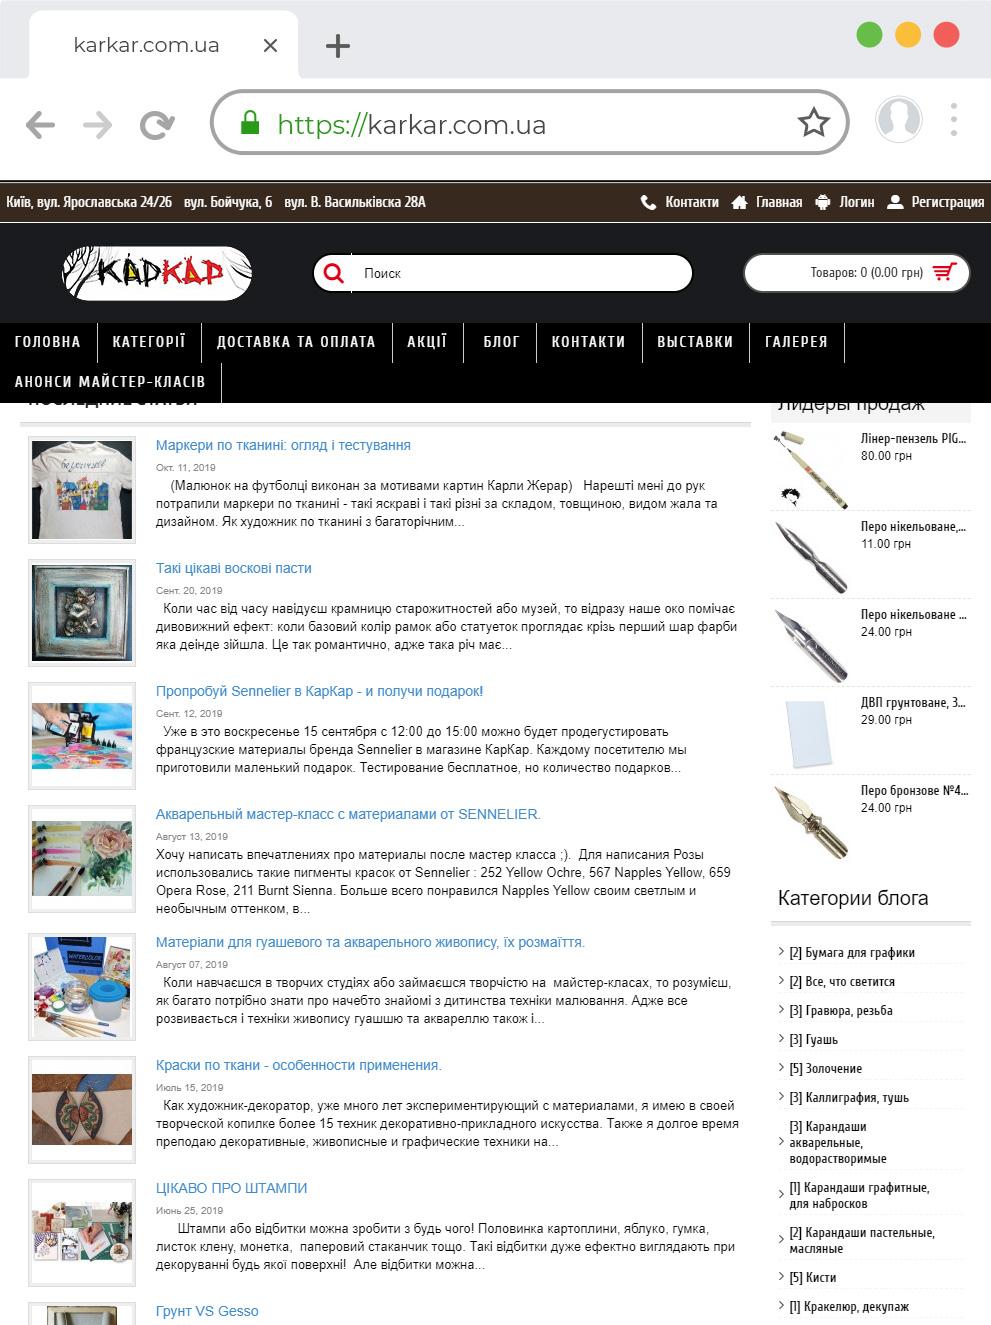 SEO оптимизация сайта karkar.com.ua
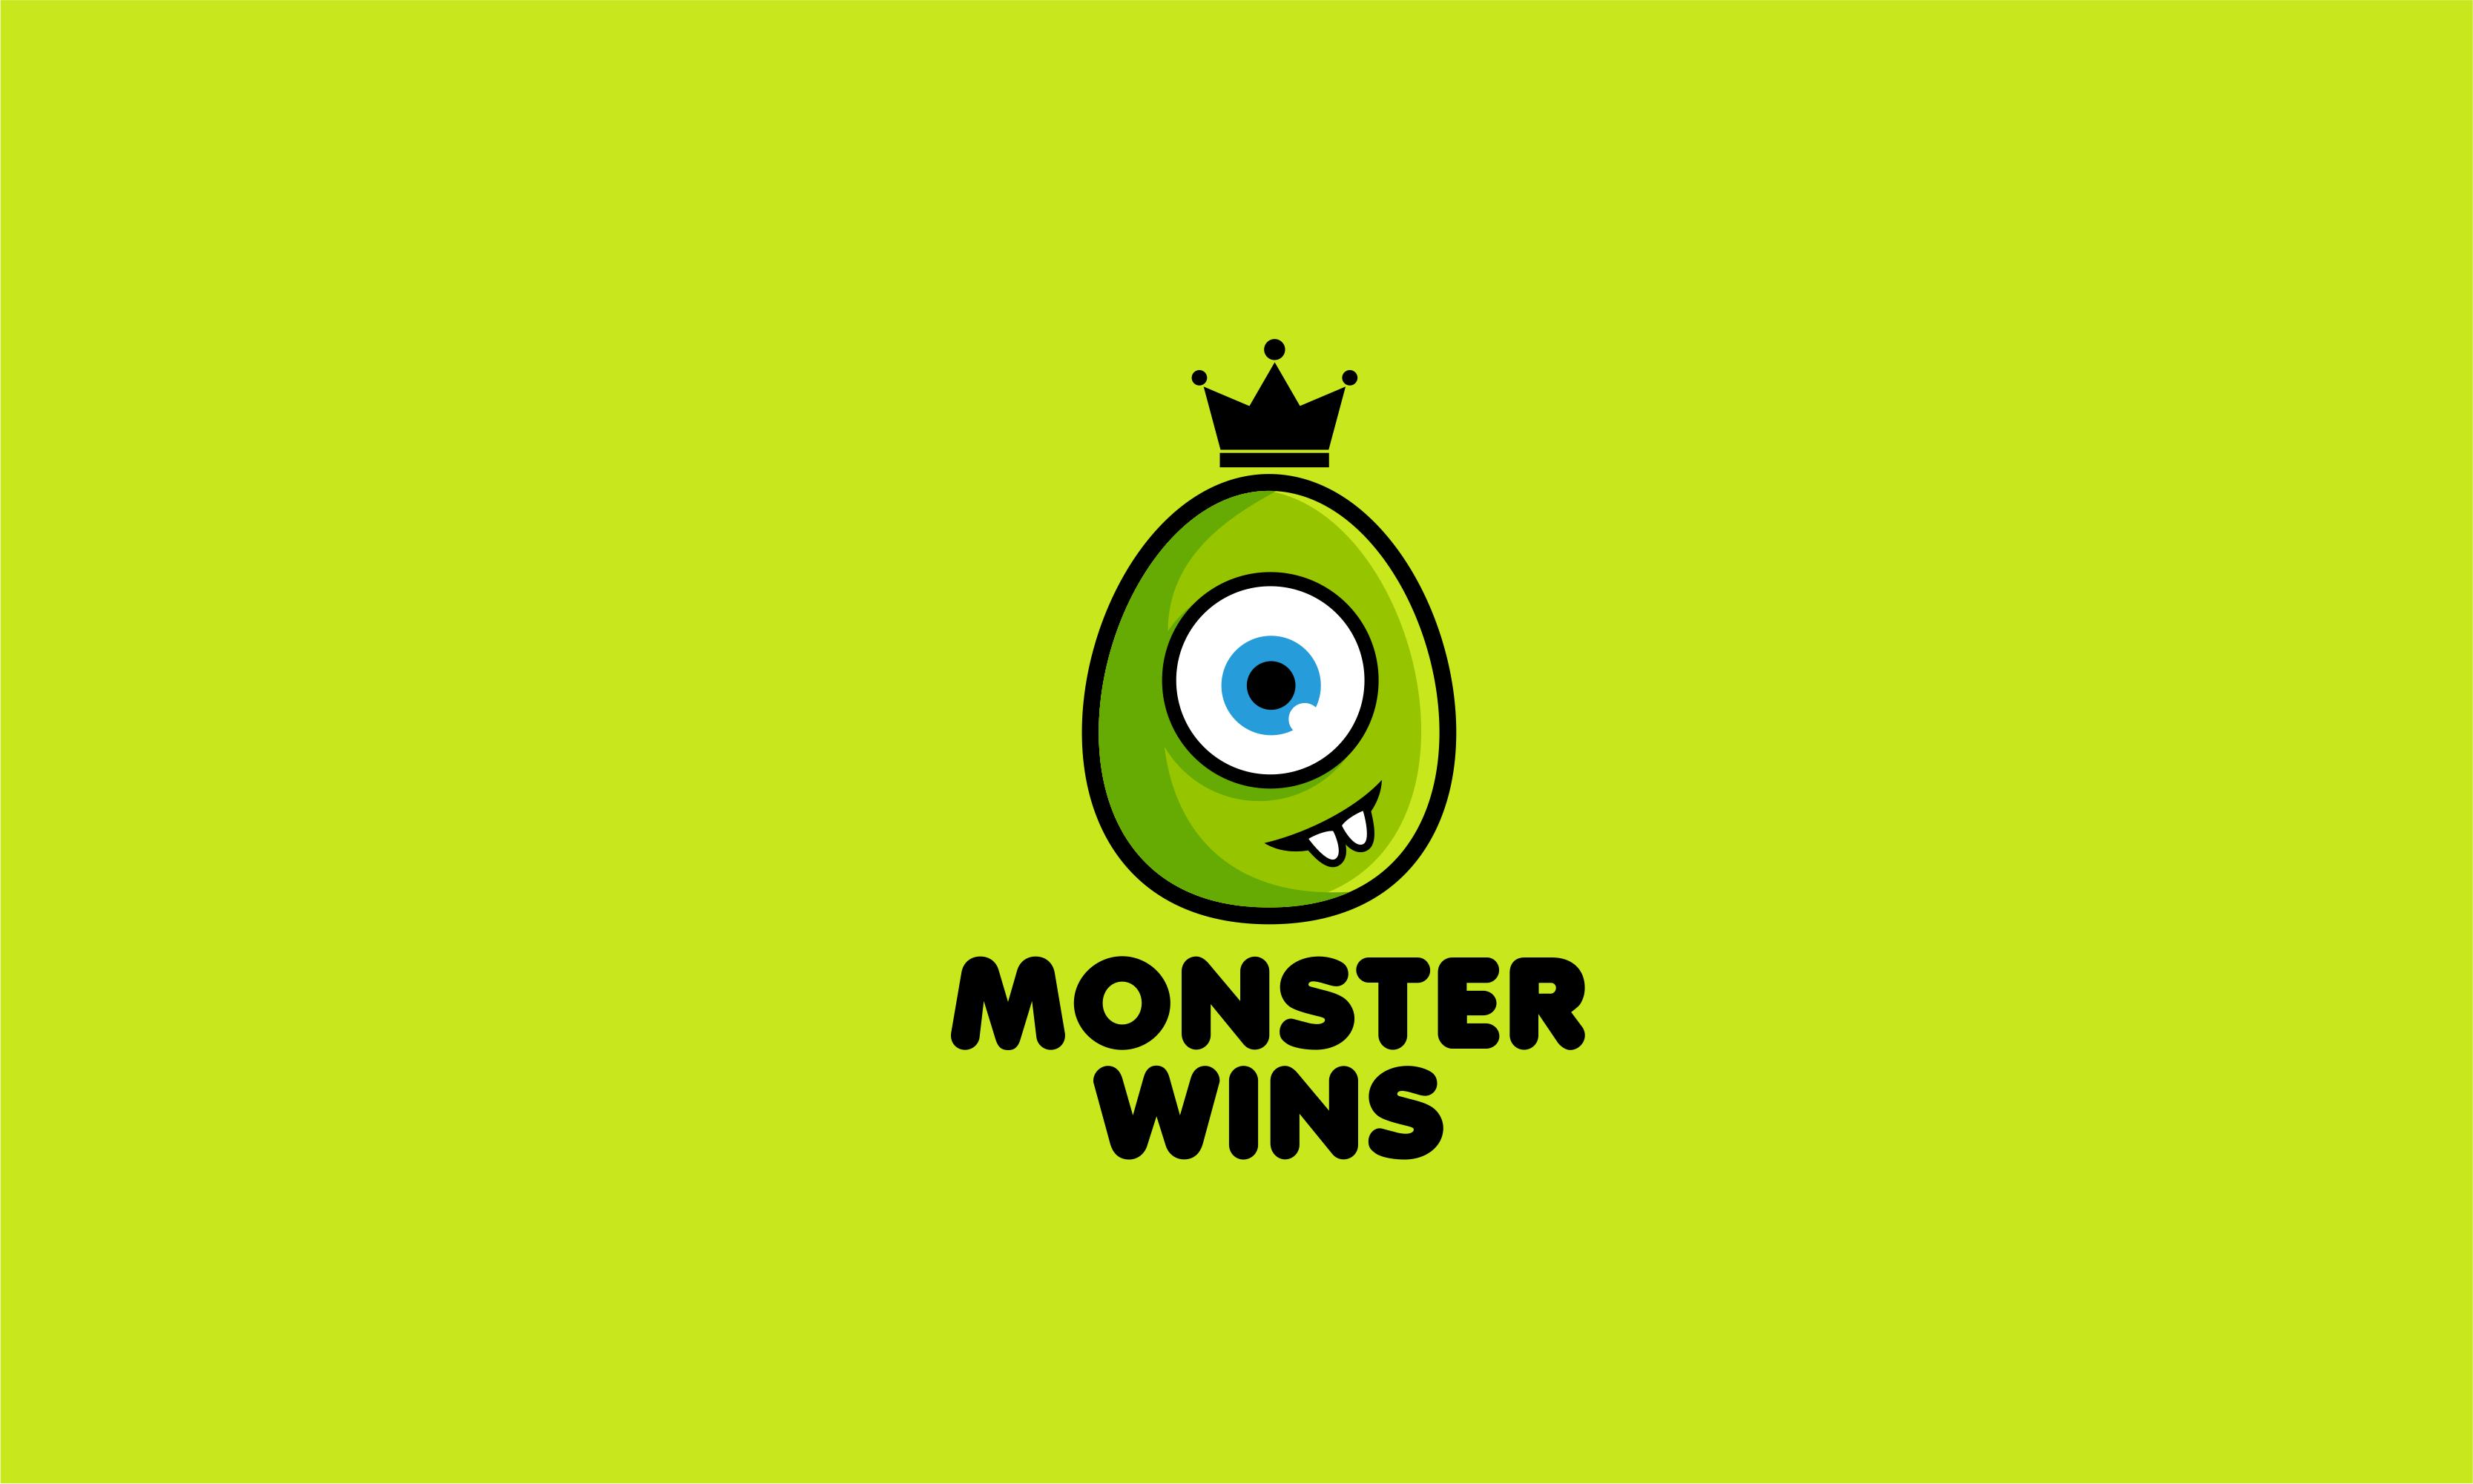 Monsterwins
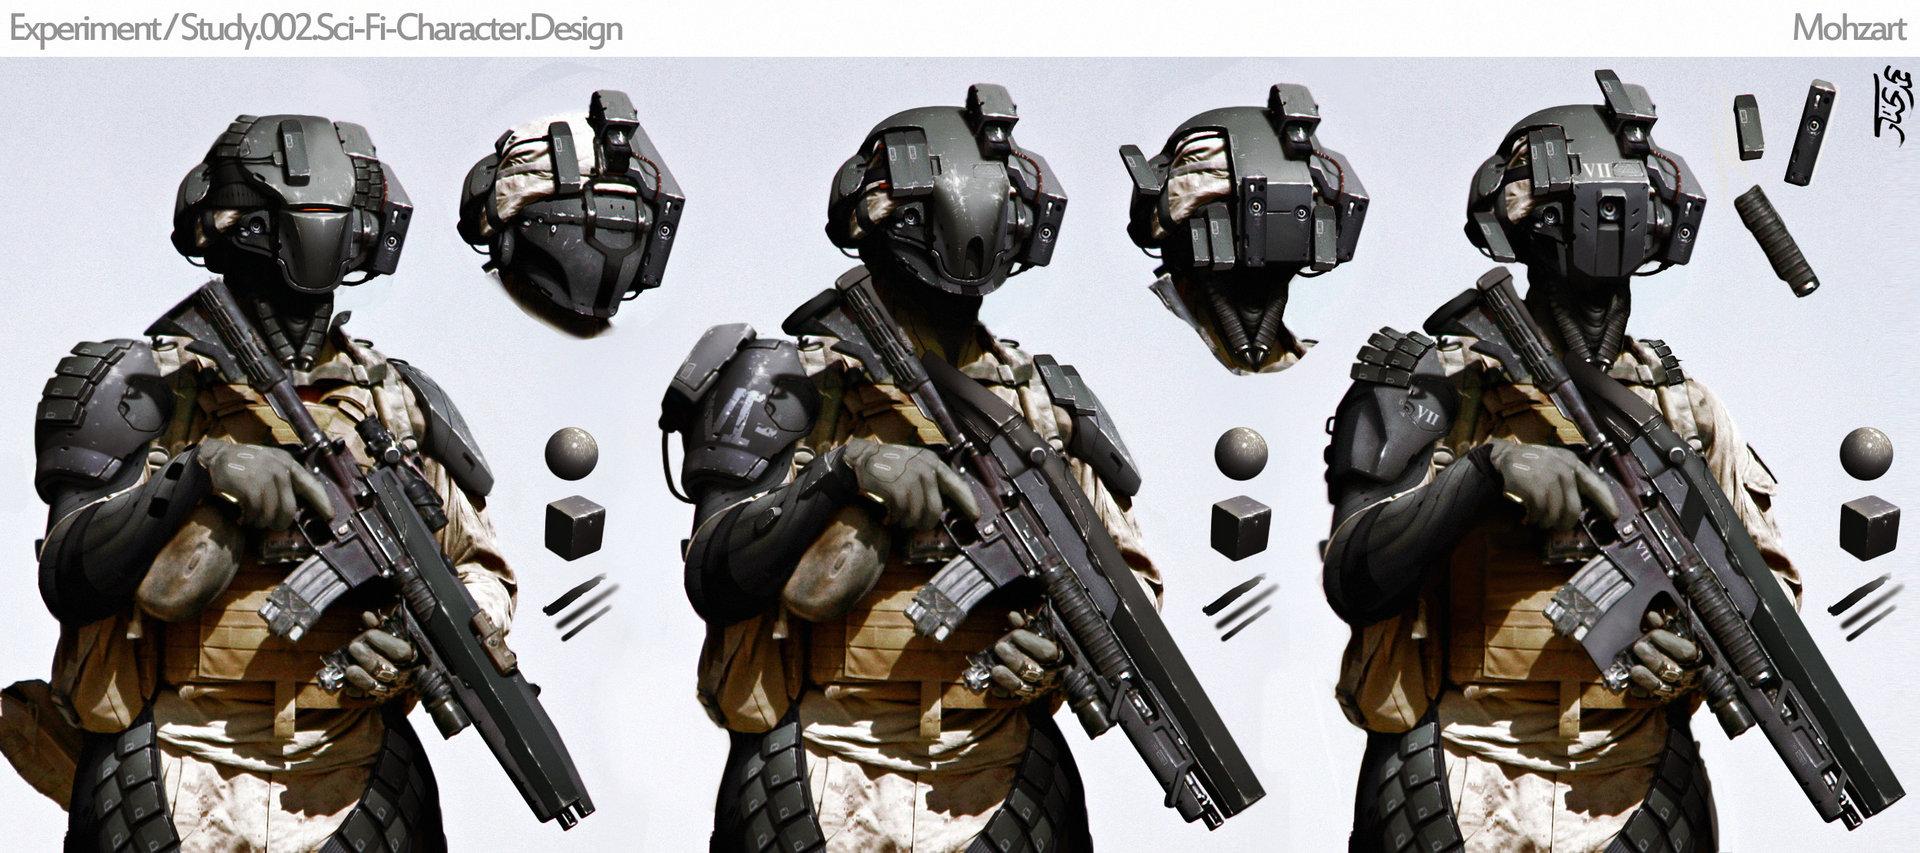 Mohzart experimental modern scifi character design

§ Task details
Omit the pictures and reproduce the listing exactly.

§ Written solution
 SEO оптимизация сайта karkar.com.ua
 Monsterwins
 Mohzart experimental modern scifi character design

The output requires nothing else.